With almost 20 years in human factors, Ms. Maples is a customer centric and results-driven leader with a proven track record leading teams in user research, product design and usability testing. In addition to human factors, usability engineering and user experience design, Sandra has experience in program/project management, product management and strategic planning. She has made significant contributions to return on investments and productivity by understanding the human factors, managing customer expectations and motivating successful teams to focus on the users while aligning to the project and business goals.
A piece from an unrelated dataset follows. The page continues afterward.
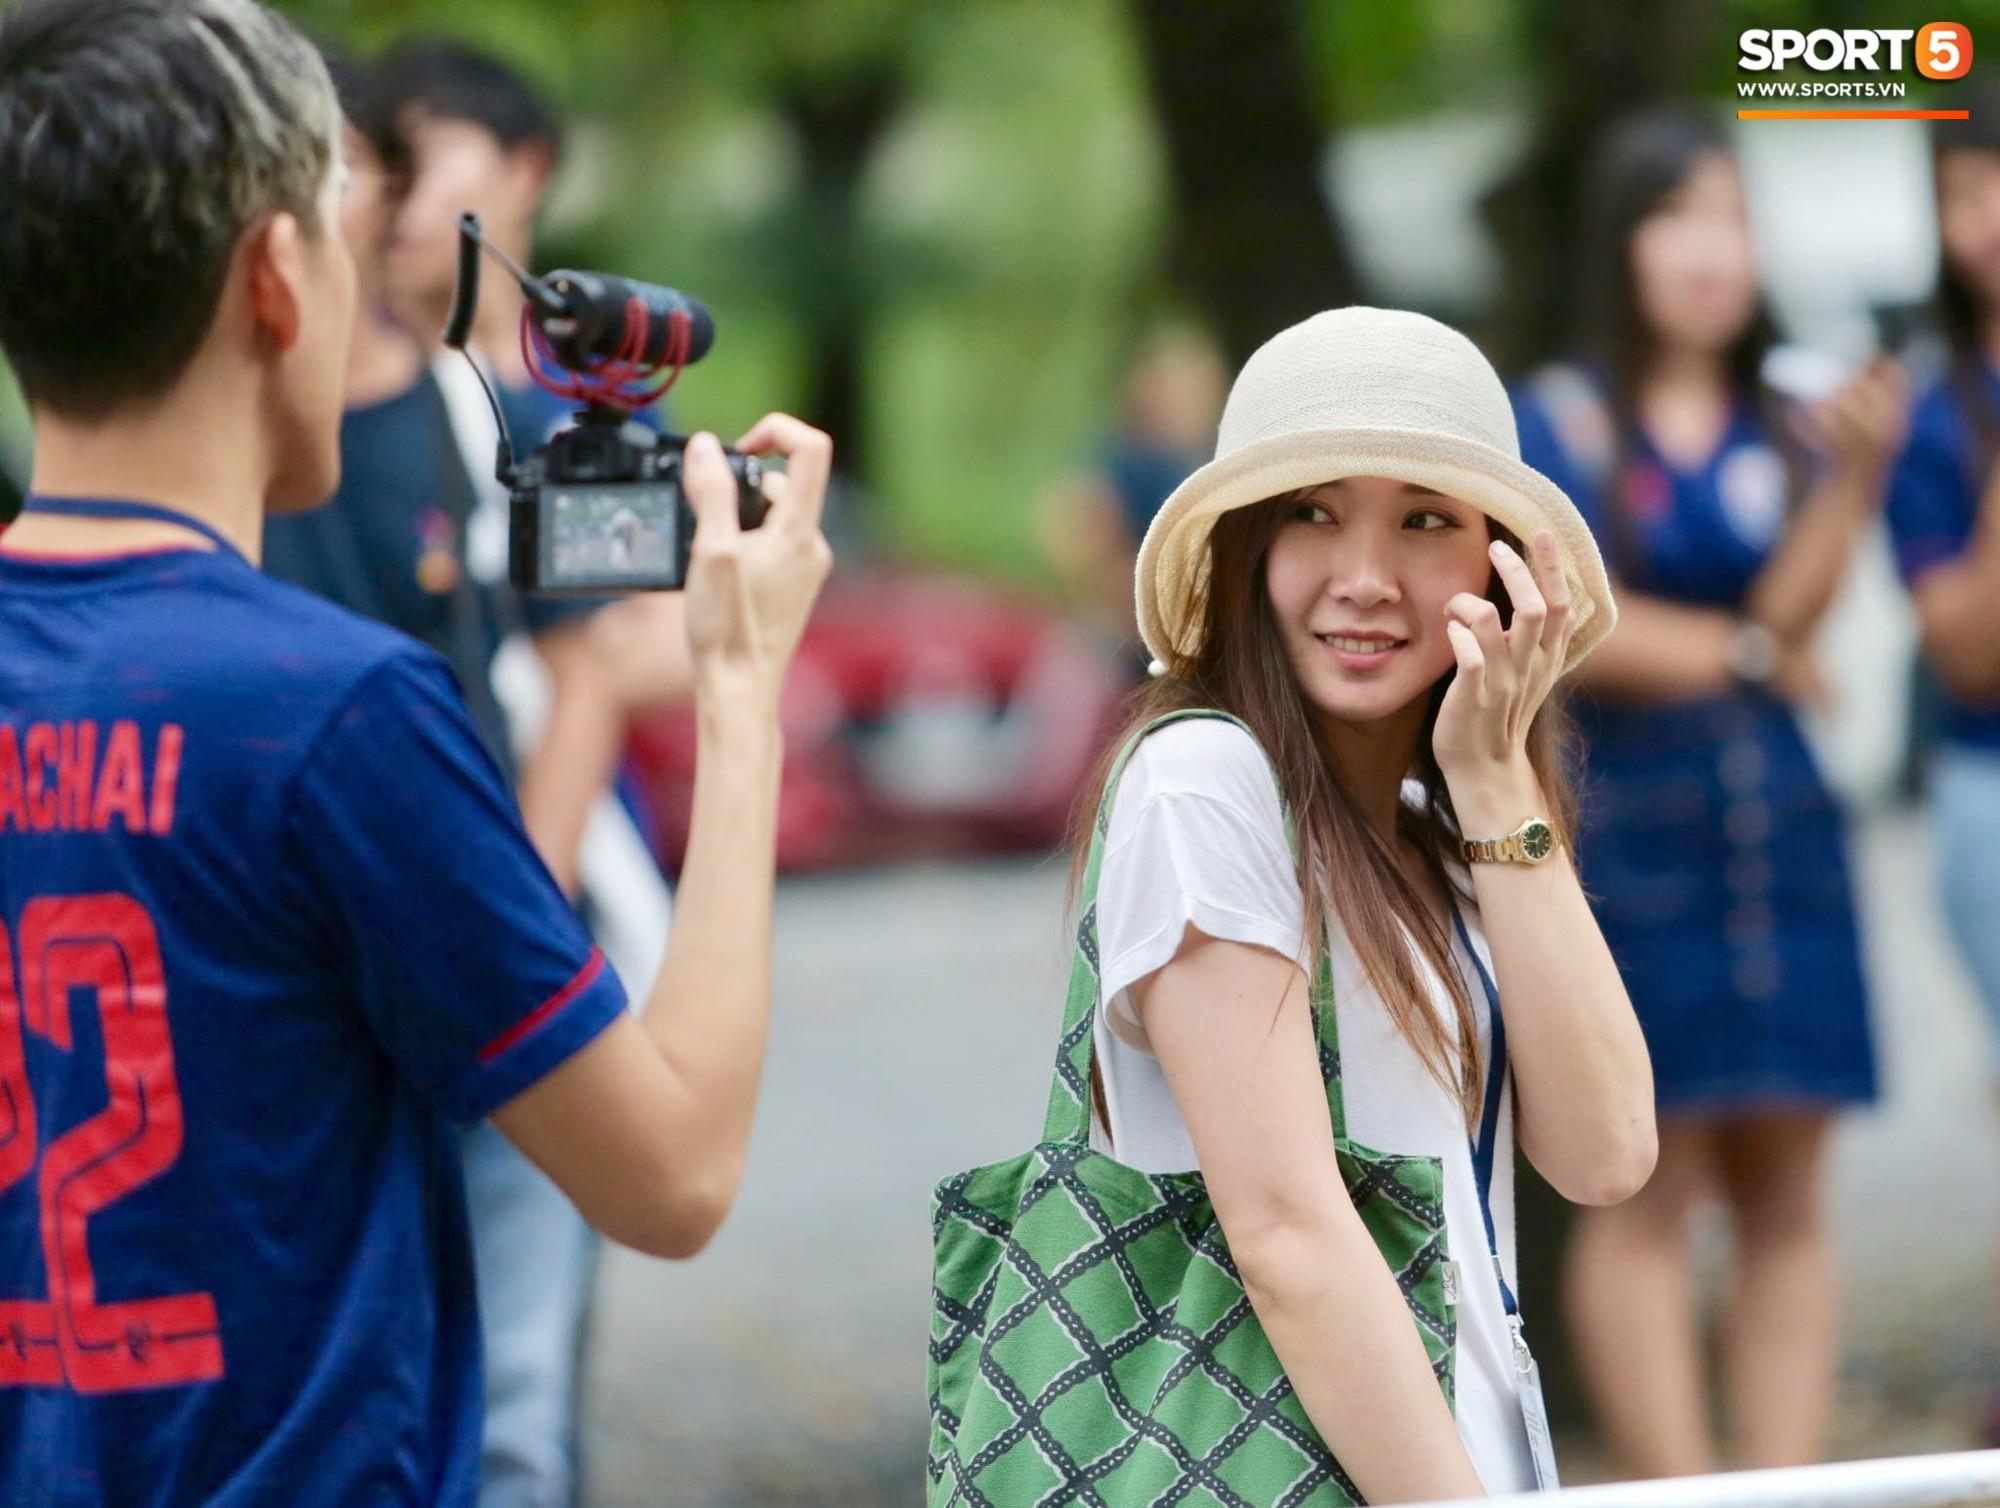 Fan Thái Lan có hành động xấu, giơ 'ngón tay thối' trên khán đài khi nghe đọc tên HLV Park Hang-seo 7

Starting her career in molecular biology and genetics, Sandra has worked in healthcare especially in pharmacy, clinical surveillance and microbiology. She has led human factors projects within various industries including healthcare, government, insurance, utilities and e-commerce. She believes that the success of a product design, go-to-market strategy and launch is by incorporating the user objectives and facilitating change management best practices.